公開中の映画「ルノワール」(早川千絵監督)に出演している女優の石田ひかり(53)がこのほど、スポーツ報知のインタビューに応じた。同作で初めてカンヌ国際映画祭に参加し「レッドカーペットは夢心地。

一生、忘れられない感動」と興奮。大ファンだというドジャース・大谷翔平投手(30)についても熱く語った。(有野 博幸)

 最高賞「パルムドール」を競うコンペ部門へ出品されて参加したカンヌ映画祭。石田は着物姿でレッドカーペットの感触を味わった。「限られた人しか歩けないと思うと、心が震えました」。公式上映(現地時間5月17日)では「エンドロールにまで拍手が起こって、お客様も映画のプロなんだな」と感心したという。

 撮影当時11歳だった鈴木唯(12)演じる主人公・沖田フキのひと夏の物語。フキの母・詩子(うたこ)を演じた。夫(リリー・フランキー)の看病、仕事、家事に追われて心の余裕を失っていく役どころ。早川監督から「気持ちは強く、芝居は抑えてください」とリクエストされ「すごく難しかったです。唯ちゃん、リリーさんと話しながら必死に詩子として生きました」と振り返った。

 「子供はいつ大人になるのか」が作品のテーマ。

「大人であれば、誰もが味わっている感情だけど、思い出したくないこともある。友達に意地悪をしたくなったり、友達の家をのぞき見したくなったり」。撮影期間中にリリーが言った「大人なんていない。みんな同じ人間なんだよ。大人なんて子供の妄想の産物」という言葉に考えさせられた。

 「日々の生活で心の支えは何ですか?」と尋ねると、はにかみながら「大谷選手です!」と即答した。「一昨年、ケガをした日のことも覚えているので、感慨深いですね。あの時は私も落ち込みました。でも、ドジャースに移籍してからも血のにじむような努力をされて大活躍。彼の活躍を見られる私たちは本当に幸せです」と大谷愛を熱弁した。

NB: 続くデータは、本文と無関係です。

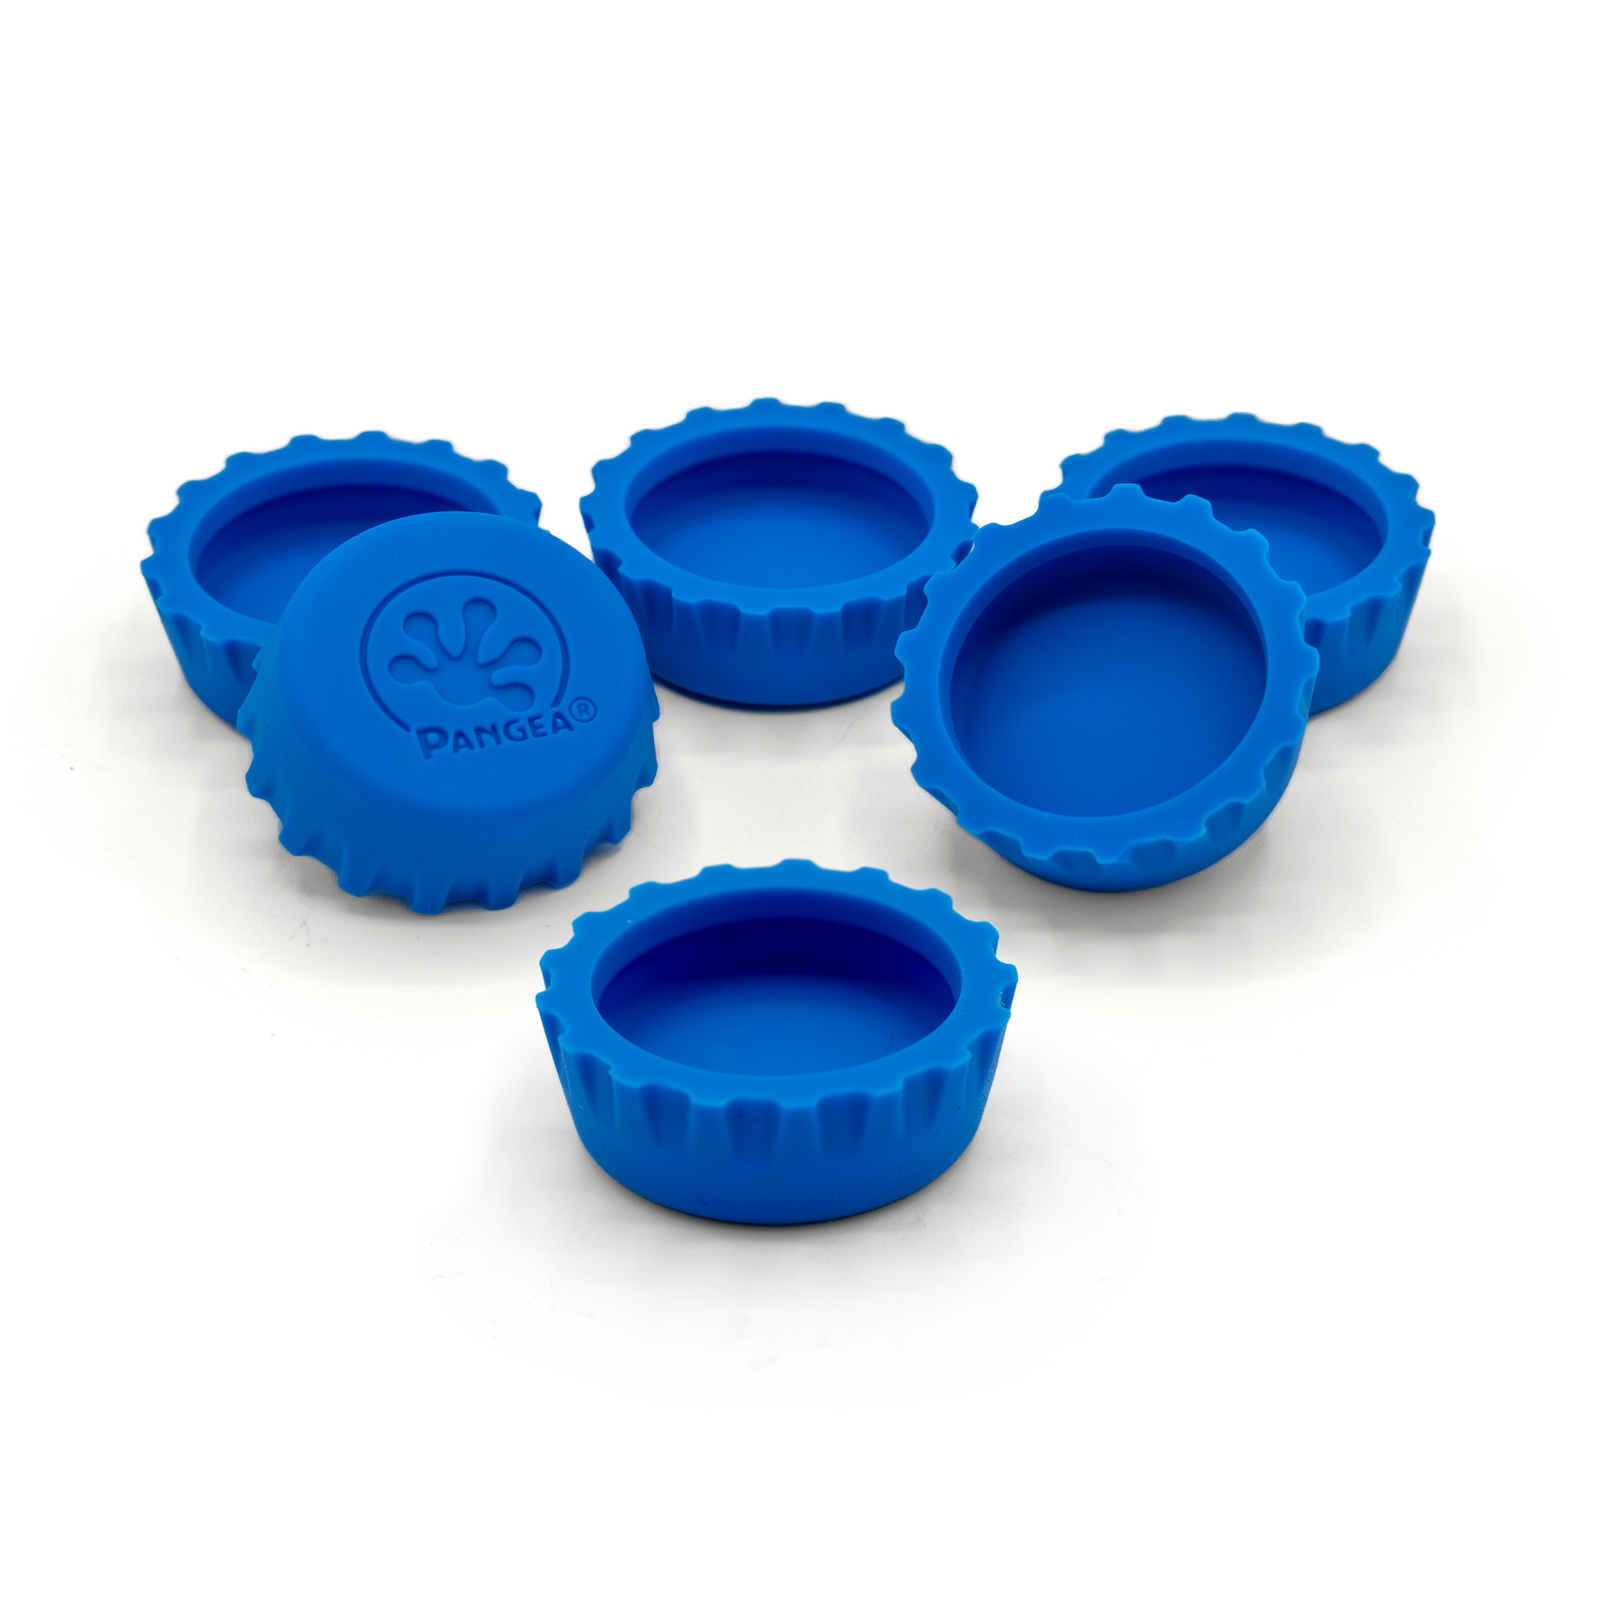 https://cdn.shopify.com/s/files/1/0089/8567/3828/products/6-PackSiliconeBottleCap-Blue_1600x.png?v=1666198416

 「娘2人は22歳と20歳で成人しているのですが、16年間、毎朝5時に起きて弁当を作っていました。一息ついた頃にテレビで中継していて『よし、頑張ろう!』という気持ちになる。

大谷選手が引退したら何を励みに生きればいいの!?」と気が早い話だが、頭を抱えている。

 14歳で芸能界デビューして40年目。4歳から中学時代まで水泳に熱中したこともあり、体育会系の前向き思考で「とにかく前に進もうと、何事も根性論で生きています」。最近になって「現場で死んでいきたいと思うほど、お芝居が大好きになってきました」。試行錯誤しながらキャリアを重ね、子育ても一段落して気力が充実。今後一層、女優業にまい進していく。

 〇…昨年8月、石田の代表作であるフジテレビ系“月9”ドラマ「あすなろ白書」(93年)でダブル主演した筒井道隆(54)と同局系バラエティー番組「ぽかぽか」で共演。当時を知るファンから「胸熱!」と話題を集めた。「筒井くんは親戚みたいな感じ。あすなろ会は特別な存在です」と愛着を語った。

 ◆石田 ひかり(いしだ・ひかり)1972年5月25日、東京都生まれ。53歳。

86年に日テレ系ドラマ「妻たちの課外授業2」でデビュー。大林宣彦監督の「ふたり」(91年)で映画初出演・初主演。NHK連続テレビ小説「ひらり」(92年度後期)でヒロインを務め、92、93年にNHK紅白歌合戦の紅組司会。姉は石田ゆり子。160センチ。血液型A。